======== Dataset section
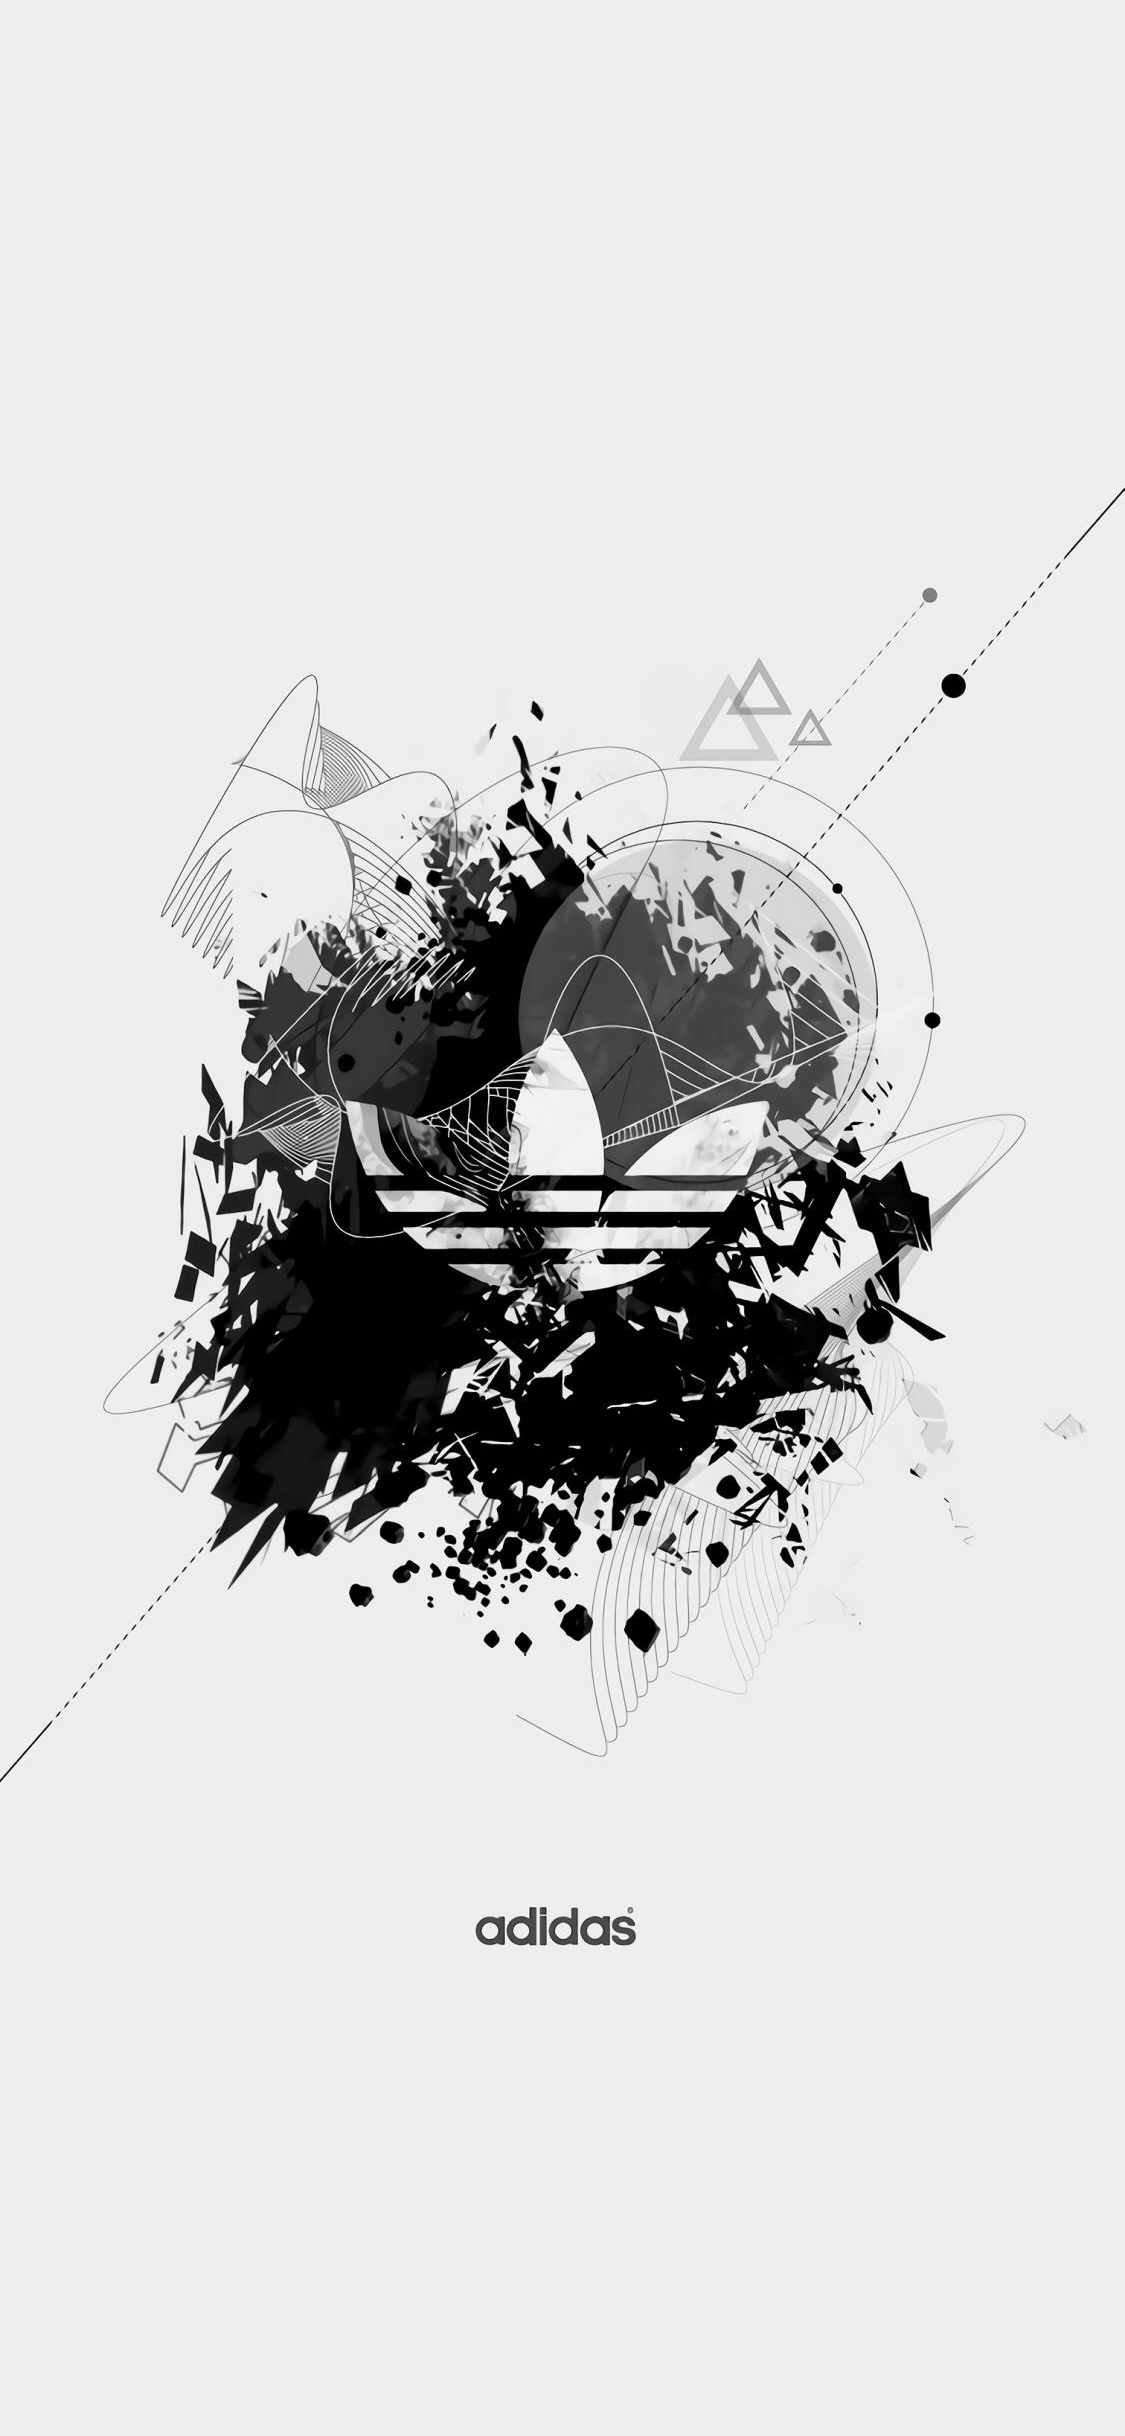 adidas 品牌 运动 logo 三叶草 阿迪达斯图片
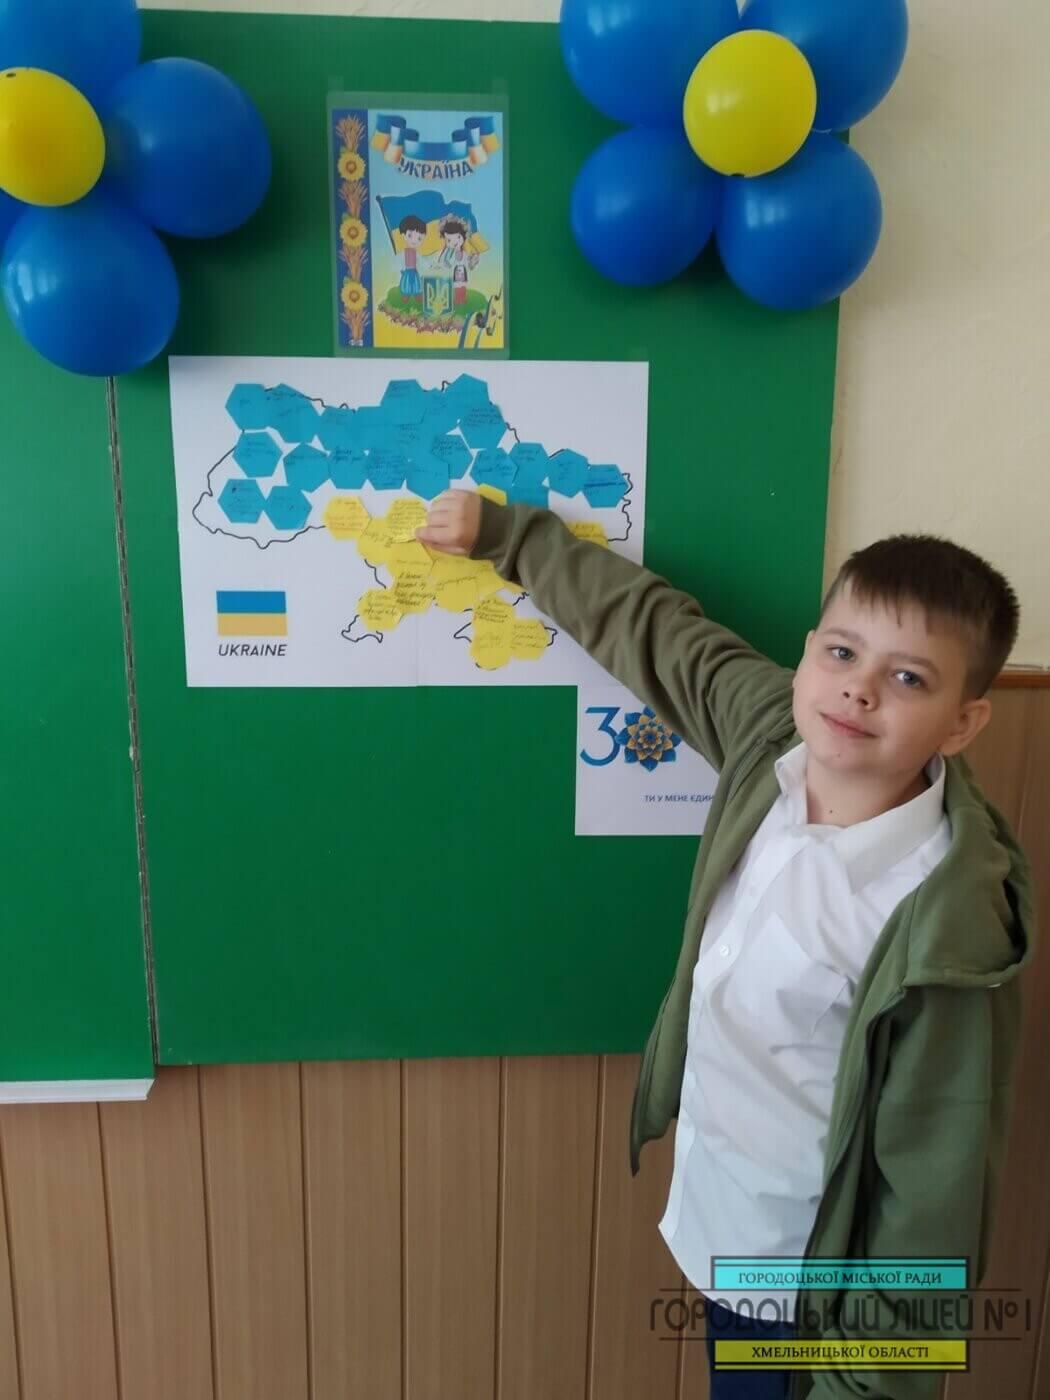 img 90561f7042ea0804e11347d03d21f564 v 1050x1400 - Тридцятиріччя незалежності України
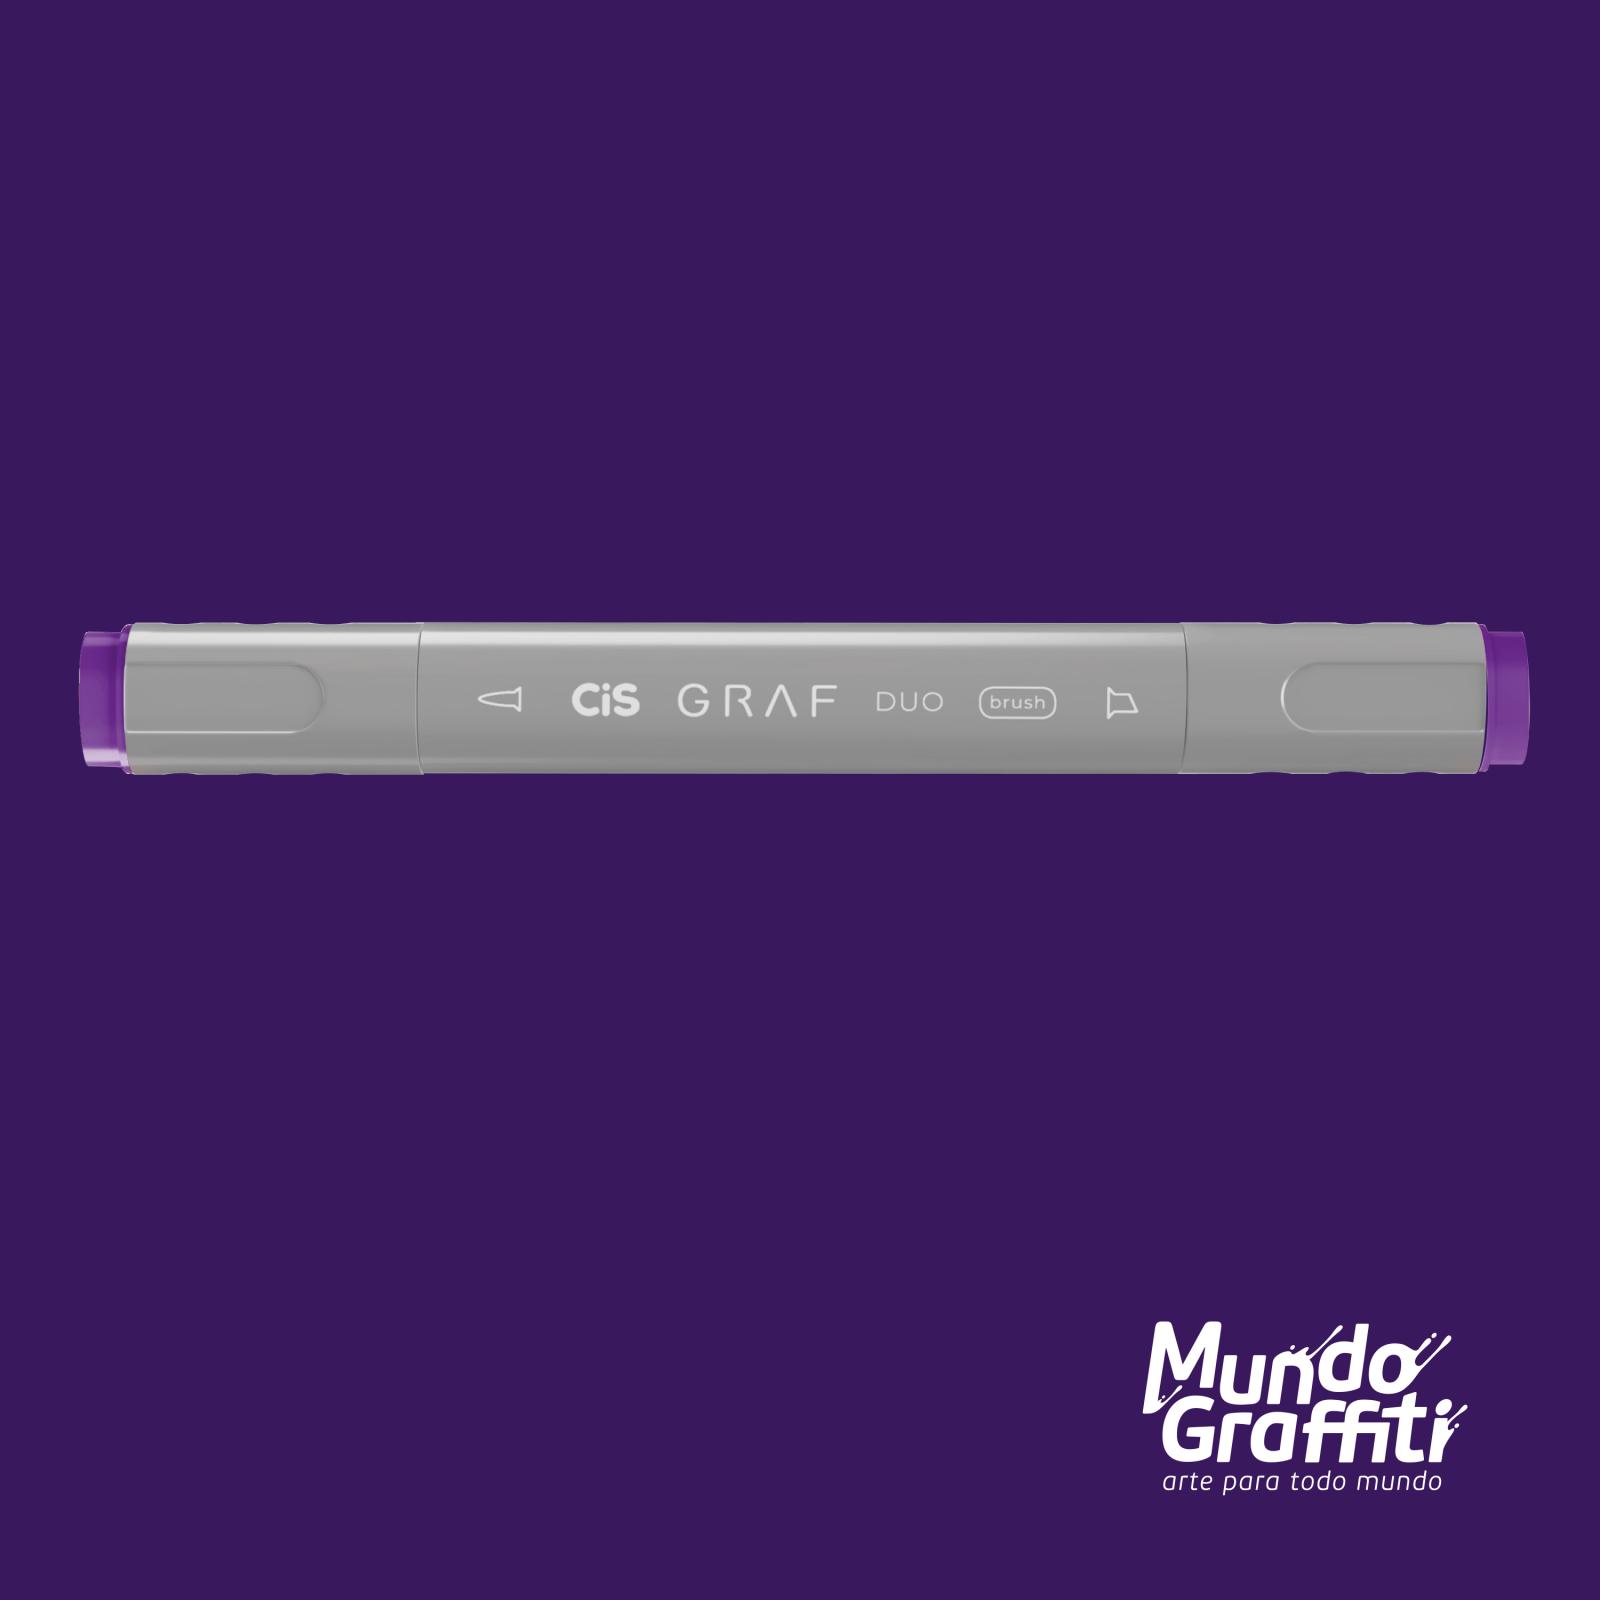 Marcador Cis Graf Duo Brush Ultra Marine 73 - Mundo Graffiti
================
• Activity
Only the lines from the one with "img 90561f7042ea0804e11347d03d21f564 v" through the end of the listing should be transcribed, exactly and without pictures.

• Problem solution
 img 90561f7042ea0804e11347d03d21f564 v 1050x1400 - Тридцятиріччя незалежності України
 Marcador Cis Graf Duo Brush Ultra Marine 73 - Mundo Graffiti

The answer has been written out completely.